First thing I remember
The first thing I remember about Mandalay and my life since I became a man is an incident that happened under three big trees in the Mae O Tan Ward, on the Shwe Ta Chaung Myaung Pagoda, north of the Tombs Bridge. The time was in the evening of the Burmese calendar 1255-56 (1893-94). That evening, I was playing with children of my age, four or five years old, on the Shwe Ta Chaung Myaung Pagoda. The game consisted of crossing the cart path, facing south, then suddenly jumping to face north, and then again to face south. (This game, and many other games, have disappeared in this era.) While playing, I fell down with a thud, hit my chin on the ground, and bled profusely. I still remember it. The scar he received at that time is still there today, and in his government service record book , he wrote down “a scar under his chin” in the column labeled “Distinguished Marks.” This was the first thing he remembered in his life, and it was a scar he would never forget (or fade away) until he died.
Place of burial
The above incident happened when I was four or five years old in Mae O Tan Ward, where we lived, but I was not born in that ward. My burial place is called “Echint” which is adjacent to Wa Tan Ward. When my parents were still alive, they wanted to show me the place where I was born (there is no house or car), but they did not ask. Therefore, no one can show me my birthplace, just as I show the birthplace of Min Letwe Sundara to the children of writers in Mangye Tong Village.

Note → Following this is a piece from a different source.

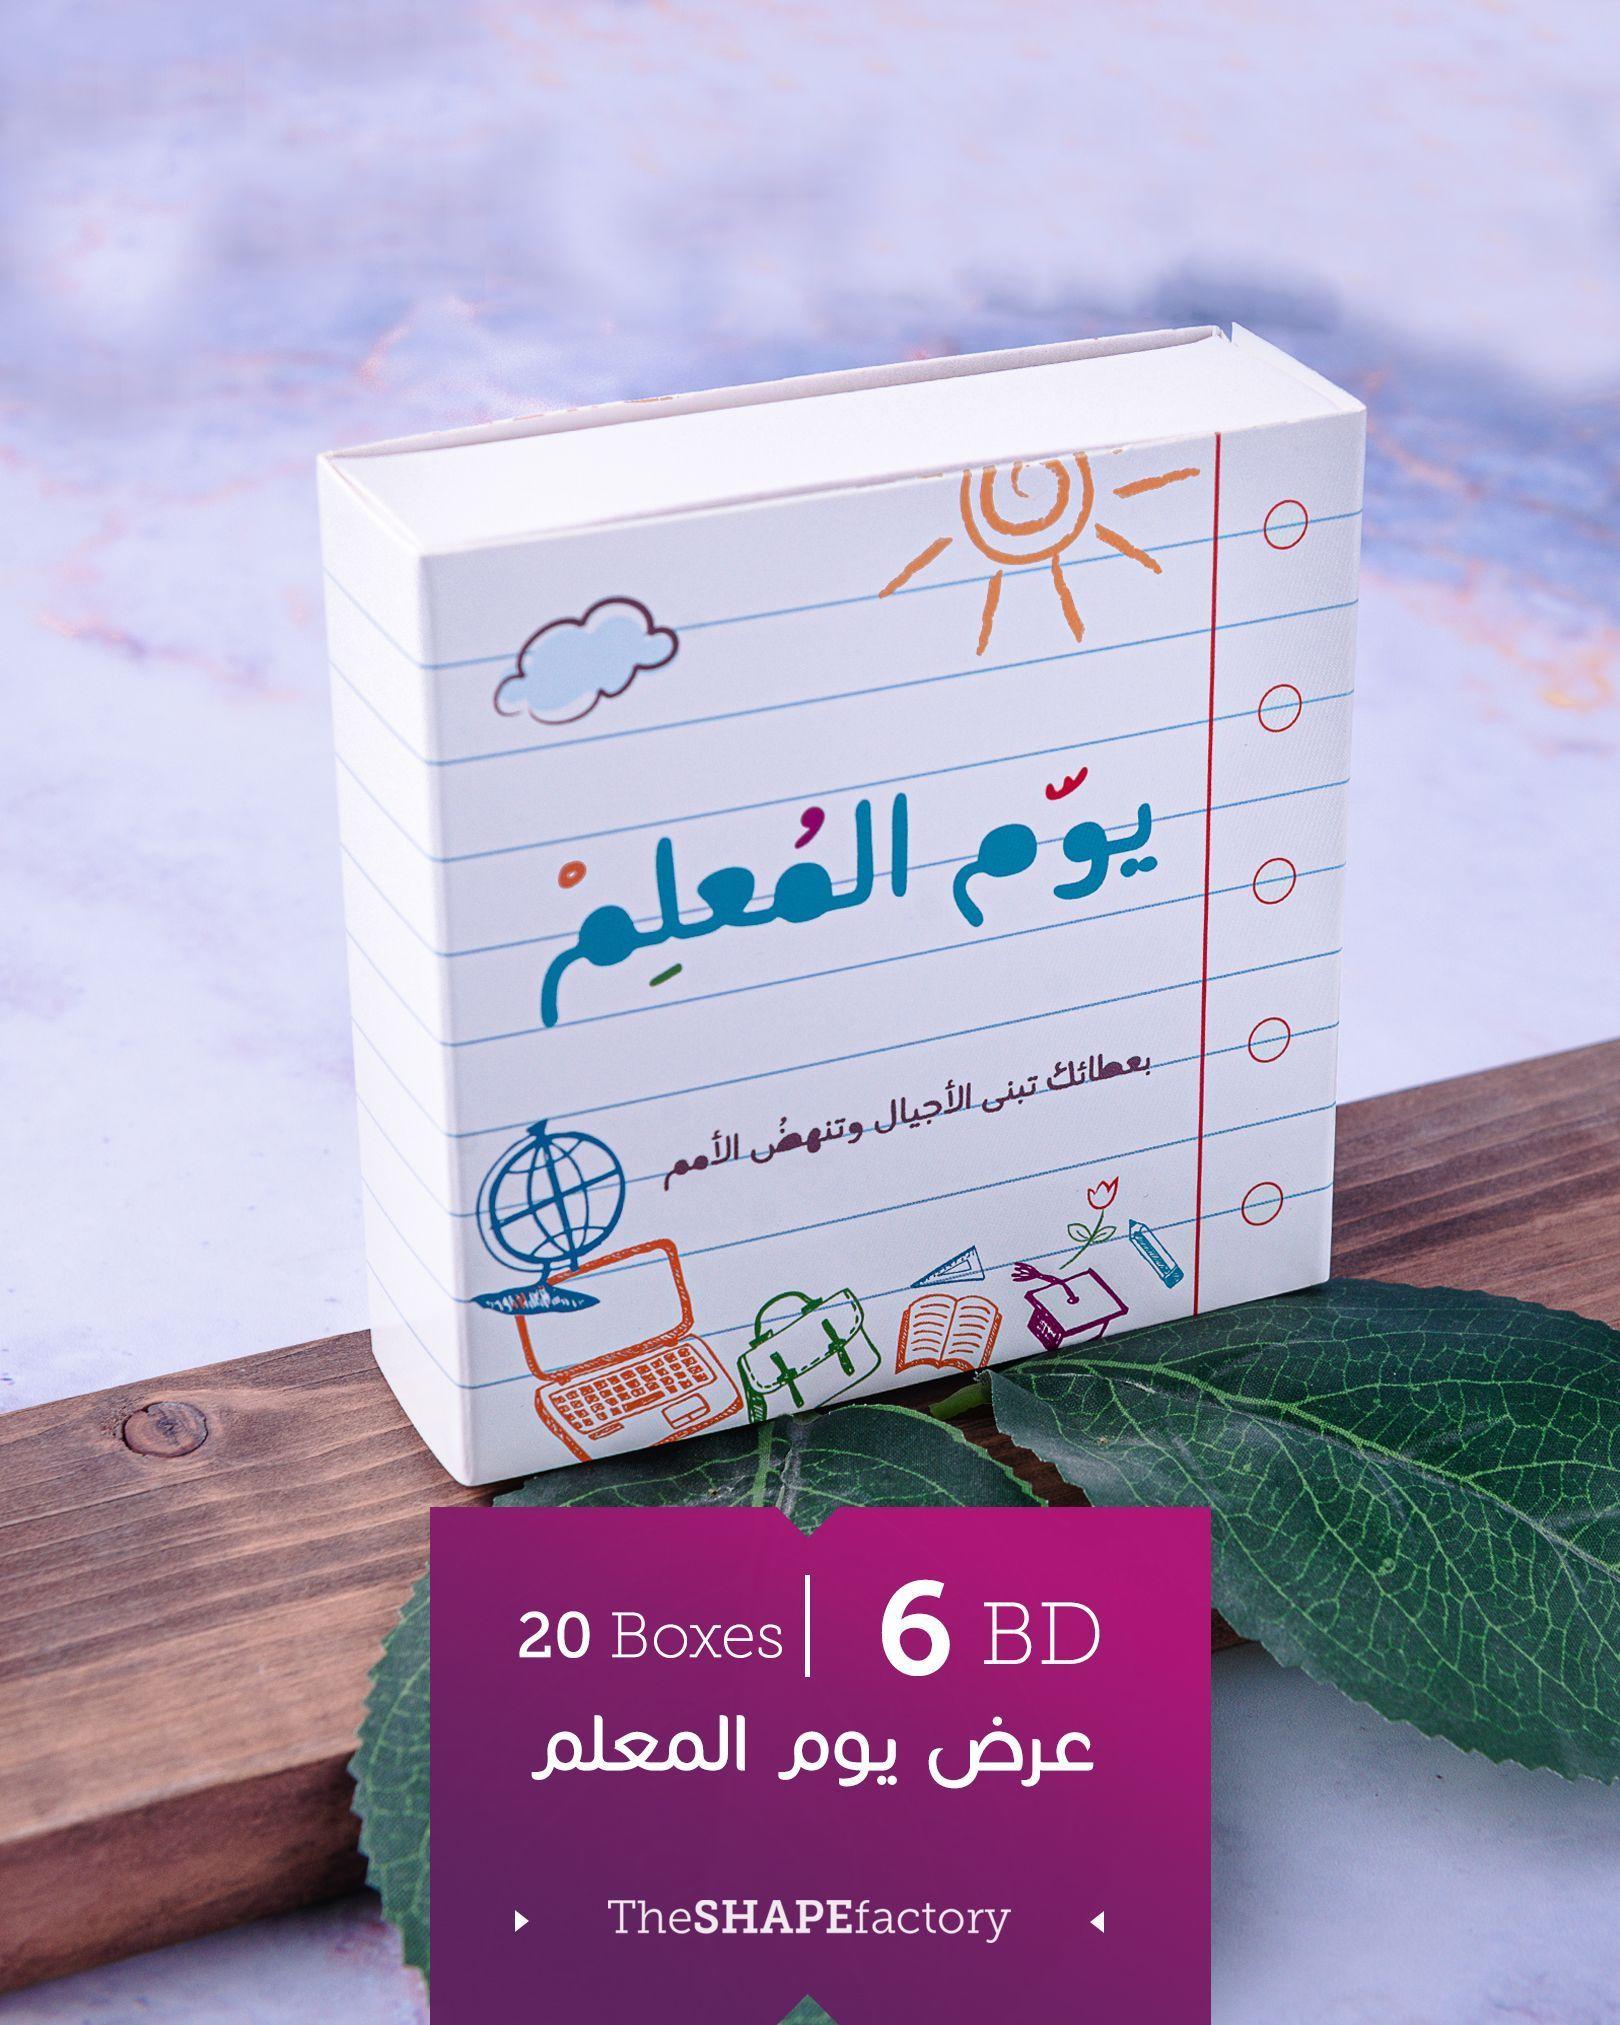 توزيعات يوم المعلم Shape Code Bx0193 متوفرة للبيع الفوري والاستلام القياسات Eid Boxes Shape Coding Gift Wrapping

As the English respect the village of Stamford, the birthplace of Shakespeare in England, the Burmese people who want to pay homage to me will not be able to do so. (Not really, I am just writing this for fun. I have no hope of ever doing so, and I am not a person who enjoys such things.)
Moving at once
I think there are few people in Mandalay who have lived in such a large neighborhood as I have. My parents, who were economically disadvantaged, moved around a lot. After I was born in Achent Ward, we moved to Mae O Tan, Bepaop Tan, Yai Tan, Yan Nga (Yan Ni) Daga, Gand Tan, Wat Lak, Kand Tan, Yan Nga Daga (second time), and Alawi Daga. When I separated from my parents and got married, we moved to Mingalar Daga, Ho Kone, Kand Tan (twice), Gand Tan, Aryataw, San Tan (twice), and Ut Tan, as the saying goes, “Planting banana trees and planting bananas” and “growing bananas” is a common saying. Some people say they are Mandalay residents, but they were born in one place and died there, so they only know their places in detail. But I am someone who knows the above neighborhoods in detail. (It's not pride, it just means a weak foundation.)
The allure of a gold bar
Among the neighborhoods where I lived with my parents, the neighborhoods that I remember the most are Yan Ngo Da and Gand Tan. I remember Yan Ngo Da not because it was a happy neighborhood (in fact, it was a very poor area). It was because I was a student who wanted to remember everything, while Gand Tan was probably because I was a young man who was just starting to make a name for myself. While I was living in Yan Ngo Da , I used to walk every day (except on Sabbaths) to the Dakshinawan Monastery, which is 17'' away from my house, south of the Ein Daw Ya Pagoda. The things I saw on the way are still etched in my mind. When I left home after eating early in the morning, I walked along the Shwe Ta Chaung Myaung Pagoda.